Would you please copy only the lines from the line that contains "Blancpain Gt World" to the end of the data below, exactly, leaving every picture out?

BEGIN DATASET SECTION

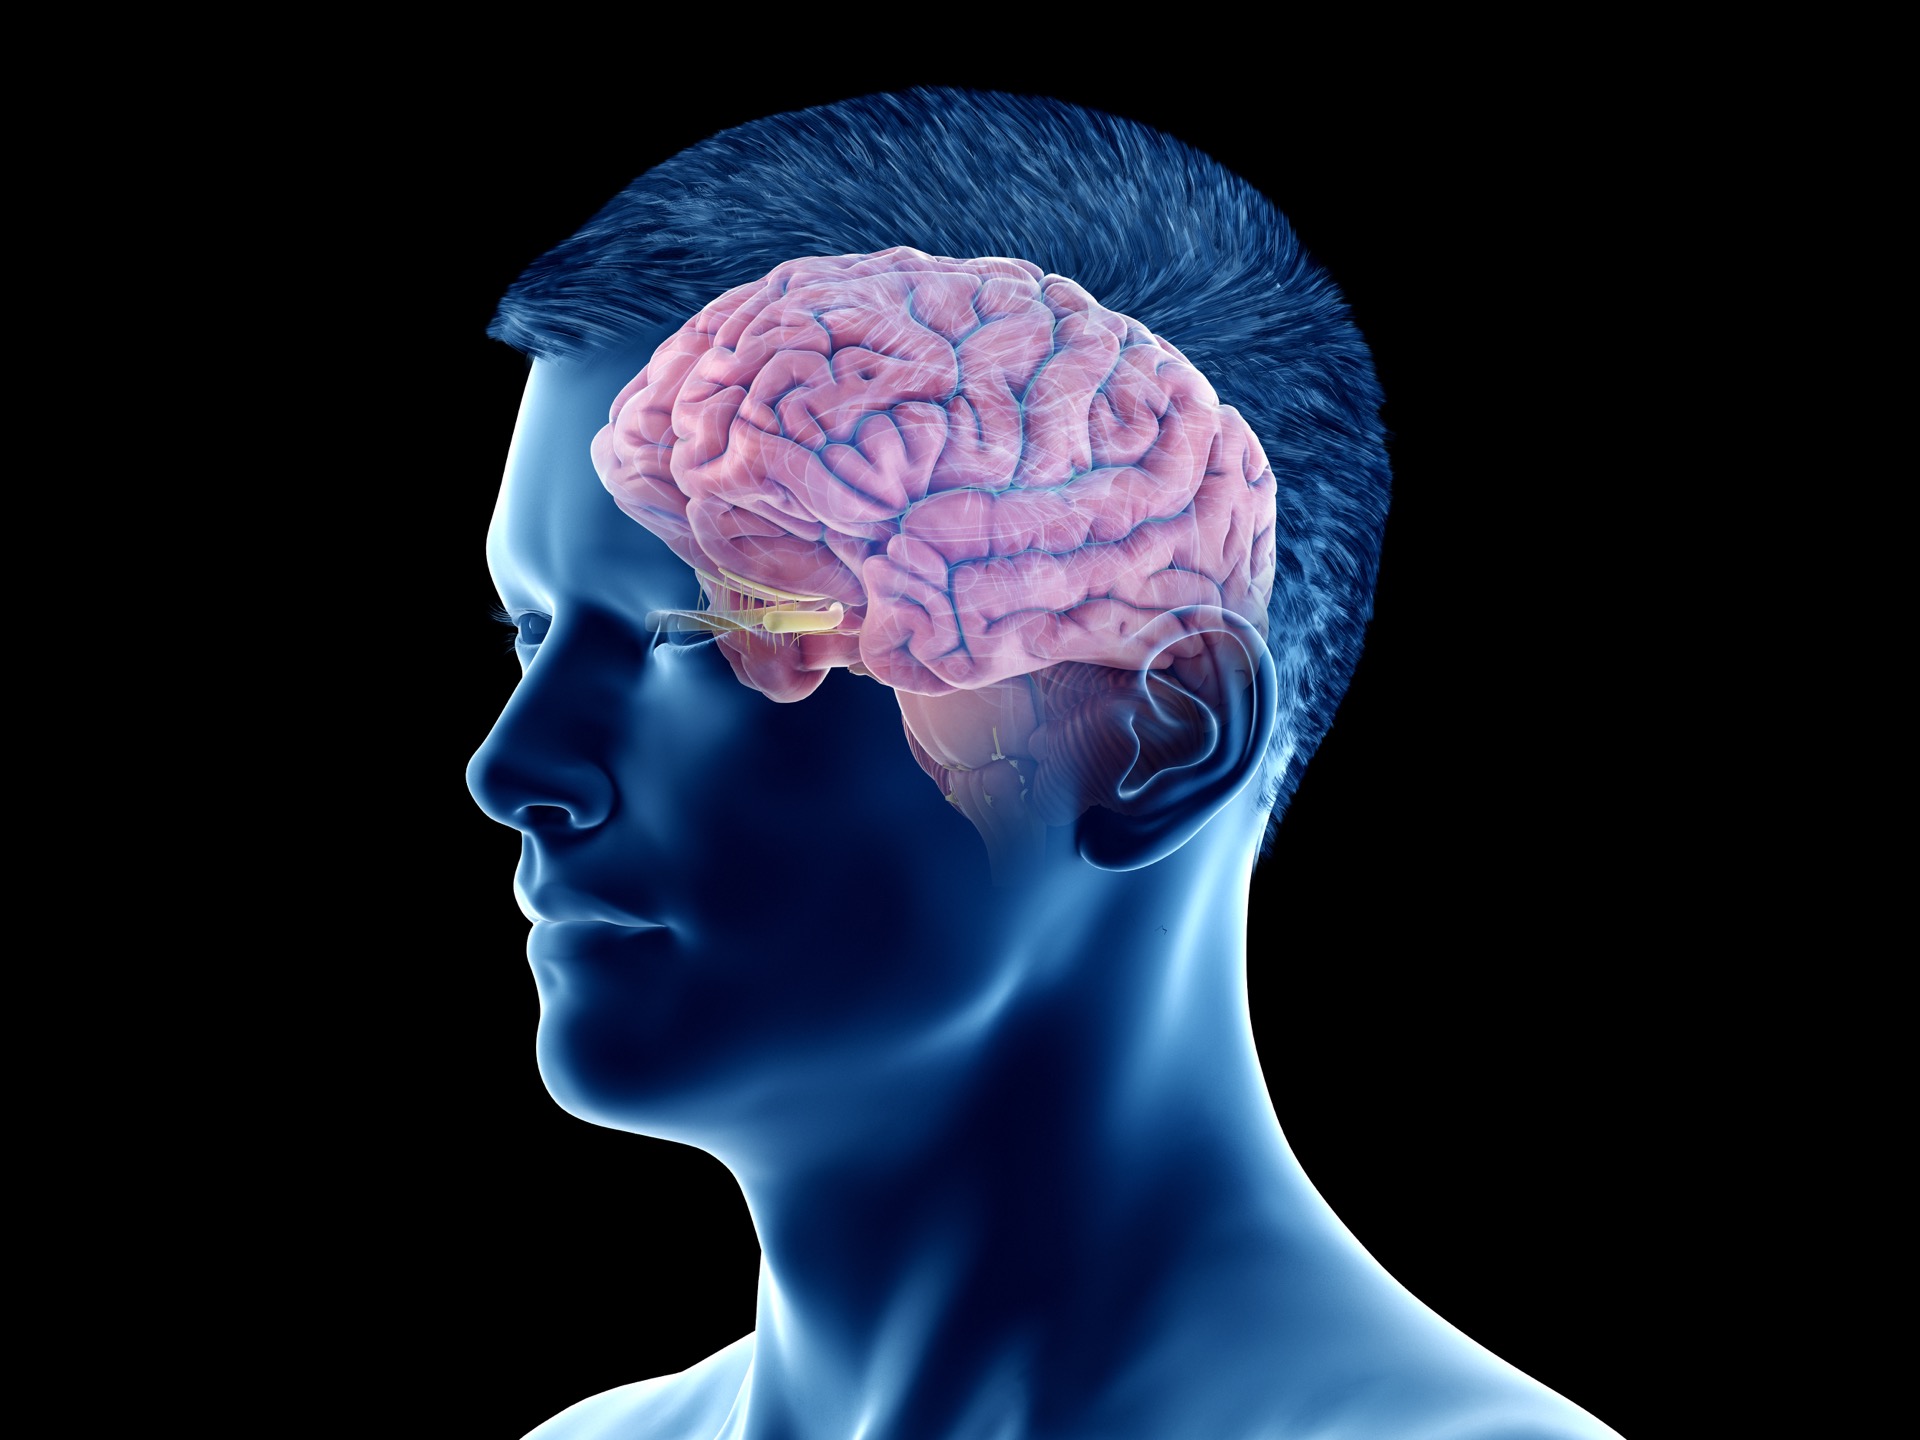 Le cortex préfrontal constitue la partie antérieure du lobe frontal. © Sebastian Kaulitzki, Adobe stock 
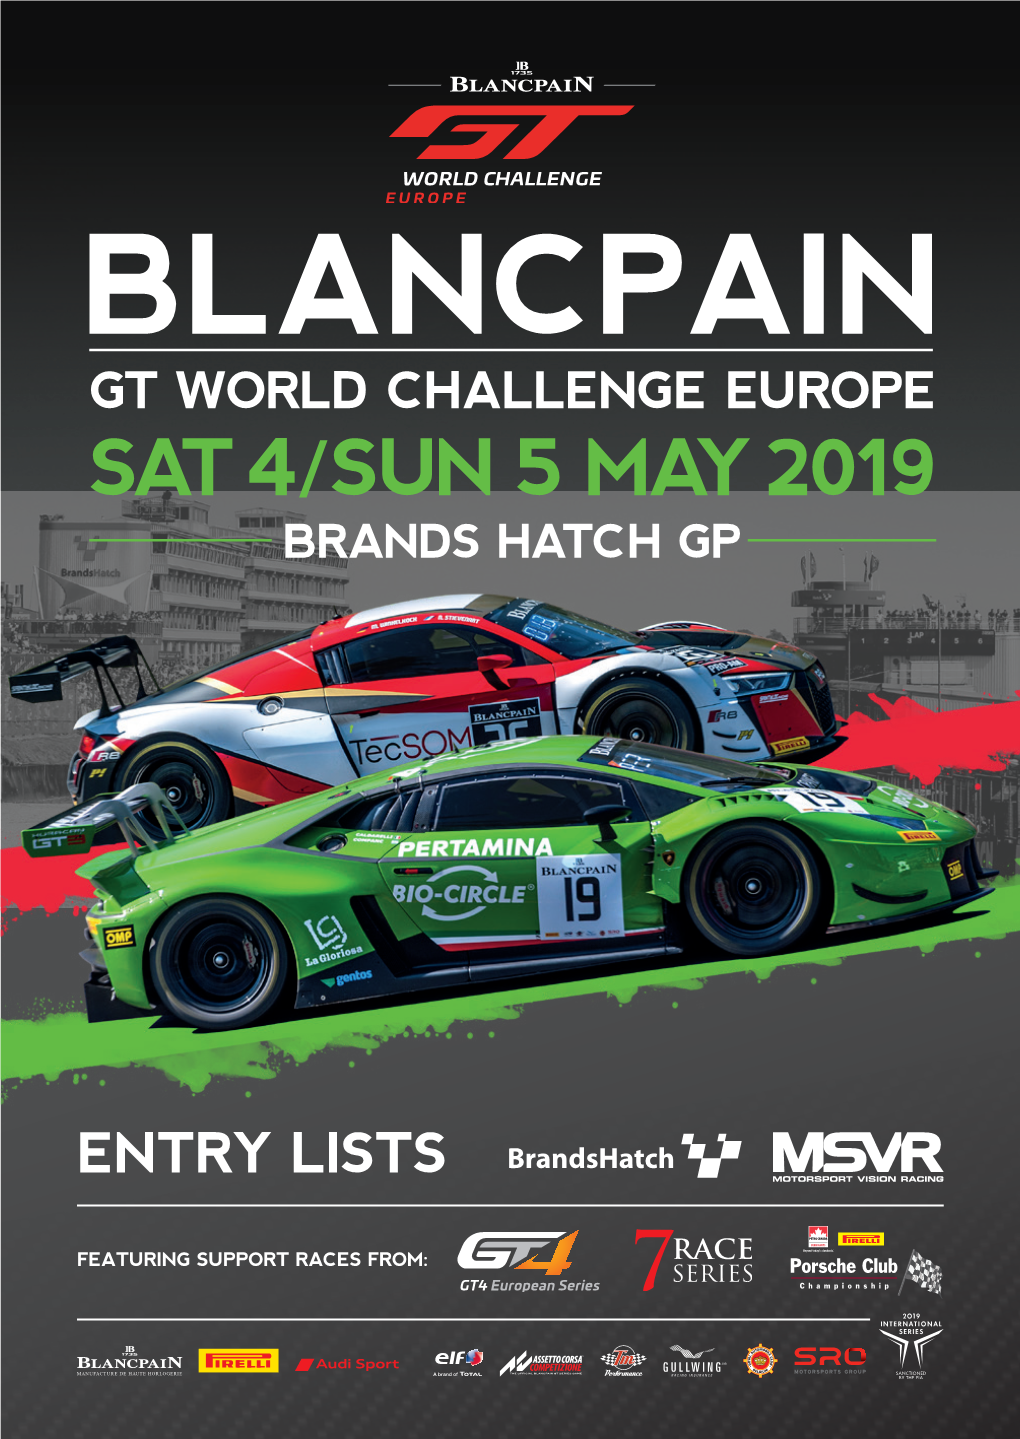 Blancpain Gt World Challenge Europe Sat4/Sun 5 May 2019 Brands Hatch Gp
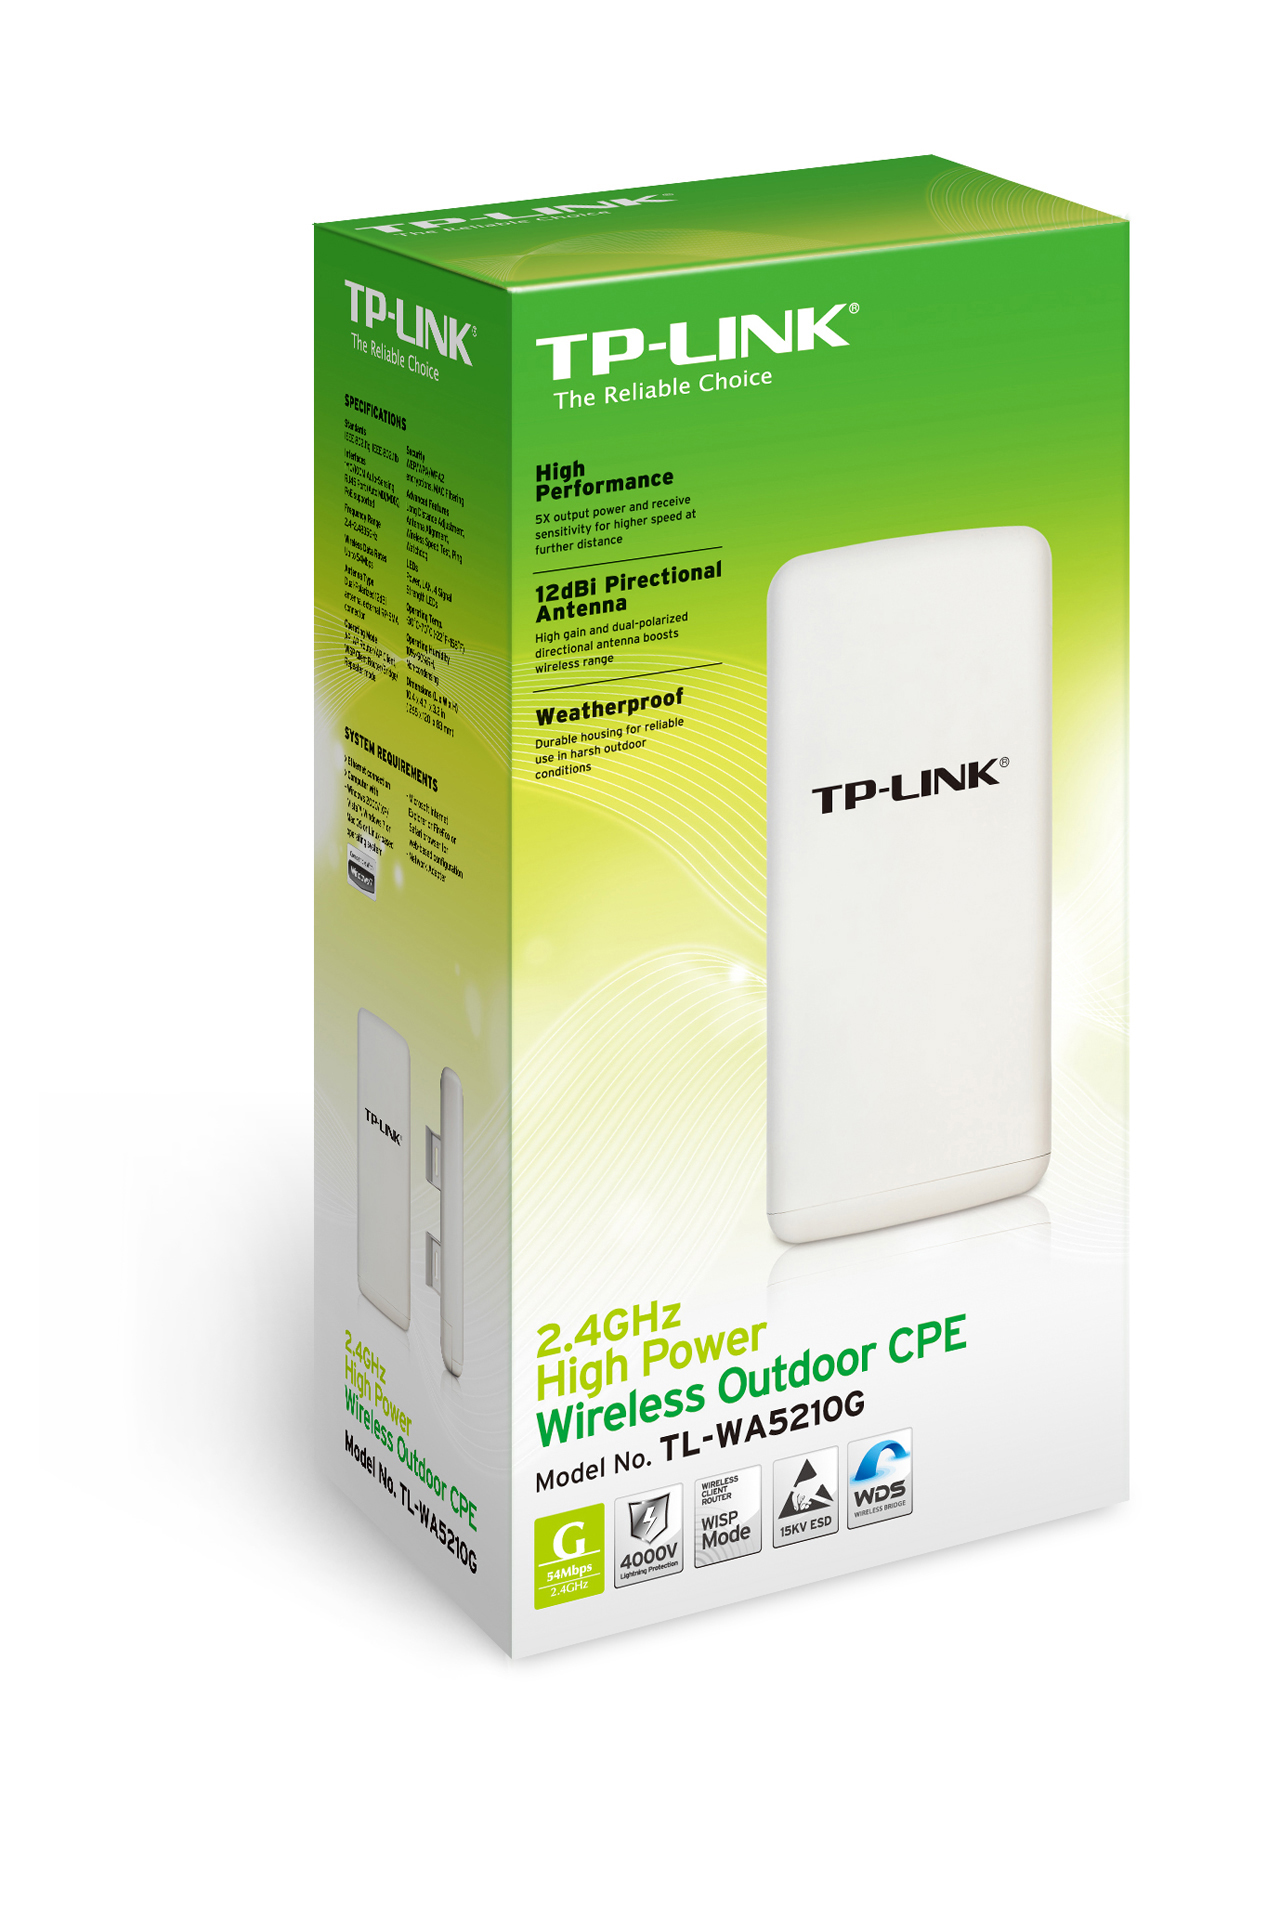 TP-LINK TL-WA5210G ALTO PODER EXTERIOR INALAMBRICO PUNTO DE ACCESSO 2.4GHZ 54 MBPS 802.11G/B 12DBI DIRECIONAL

END DATASET SECTION

RESULT:
 Blancpain Gt World Challenge Europe Sat4/Sun 5 May 2019 Brands Hatch Gp
 TP-LINK TL-WA5210G ALTO PODER EXTERIOR INALAMBRICO PUNTO DE ACCESSO 2.4GHZ 54 MBPS 802.11G/B 12DBI DIRECIONAL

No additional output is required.